# VIMAGE



## gpatrick (Sep 23, 2017)

I came across https://www.freebsdfoundation.org/project/integration-of-vimage-support-in-freebsd/ which says "completed."

Is it correct that a kernel doesn't need to be compiled with the VIMAGE option in 11.1-RELEASE to use VIMAGE jails?


----------



## SirDice (Sep 25, 2017)

No, you need to specifically build a kernel for it. It's not enabled in GENERIC.


----------



## robroy (Sep 26, 2017)

gpatrick, I thought the same thing (that VIMAGE had been turned on by default); thanks for the thread.

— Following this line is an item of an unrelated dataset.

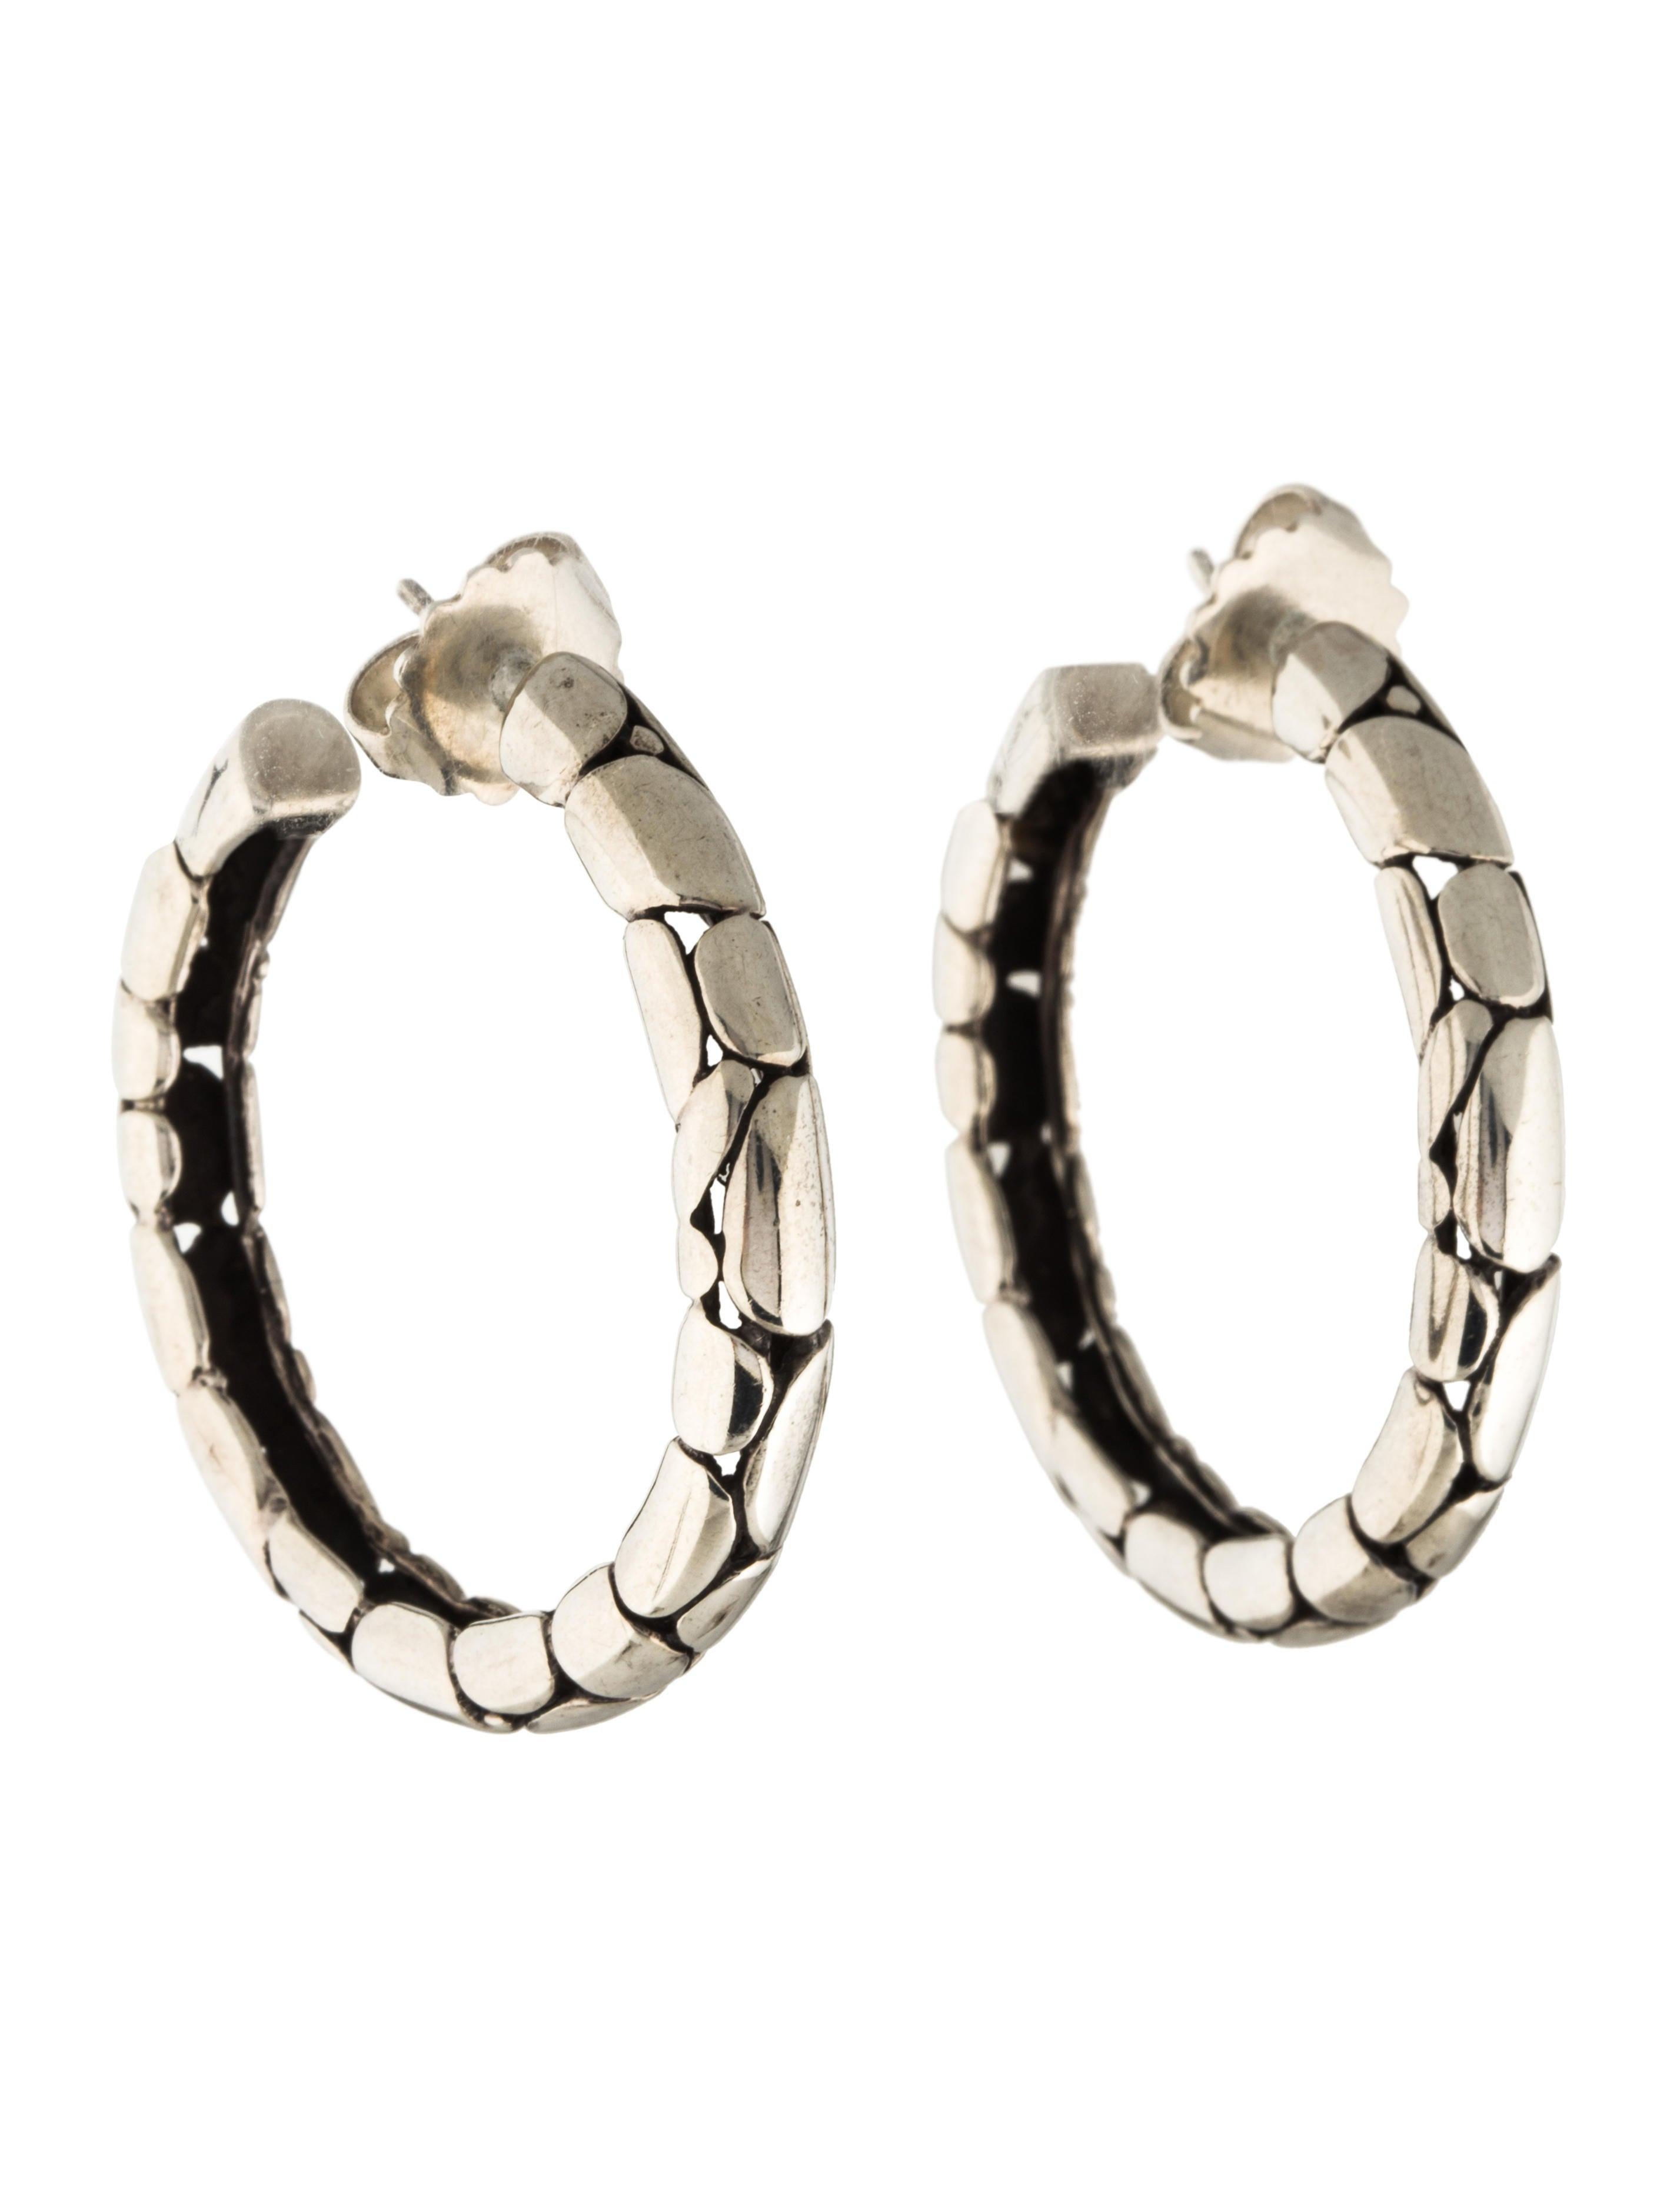 John hardy kali medium hoop earrings earrings jha26396 for John hardy jewelry earrings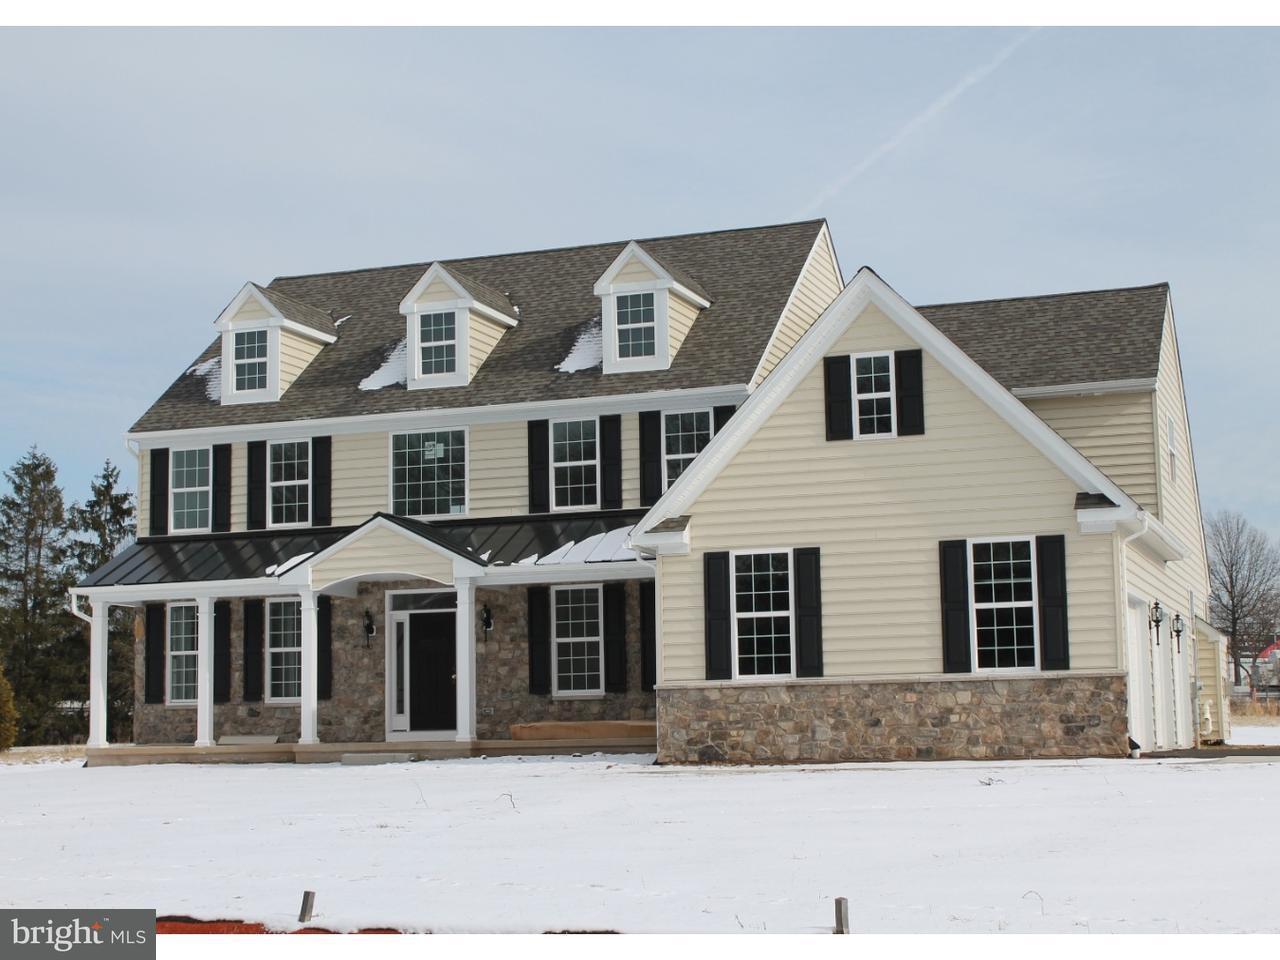 Частный односемейный дом для того Продажа на 2210 WEBER Road Lansdale, Пенсильвания 19446 Соединенные Штаты

I guess "production ready" can mean a lot of different things, but to me, one thing it means is that I can use freebsd-update(8) to keep the thing patched.  And as y'all know, if it's not in GENERIC, patching is no longer as simple as just freebsd-update(8).


----------



## SirDice (Sep 26, 2017)

gpatrick said:


> To me, that press release reads that VIMAGE is already present.


It's present but not enabled by default. It's still considered experimental although I do believe FreeNAS uses it extensively for their jails.


----------



## Phishfry (Sep 26, 2017)

Related post
https://lists.freebsd.org/pipermail/freebsd-hackers/2017-September/051445.html


----------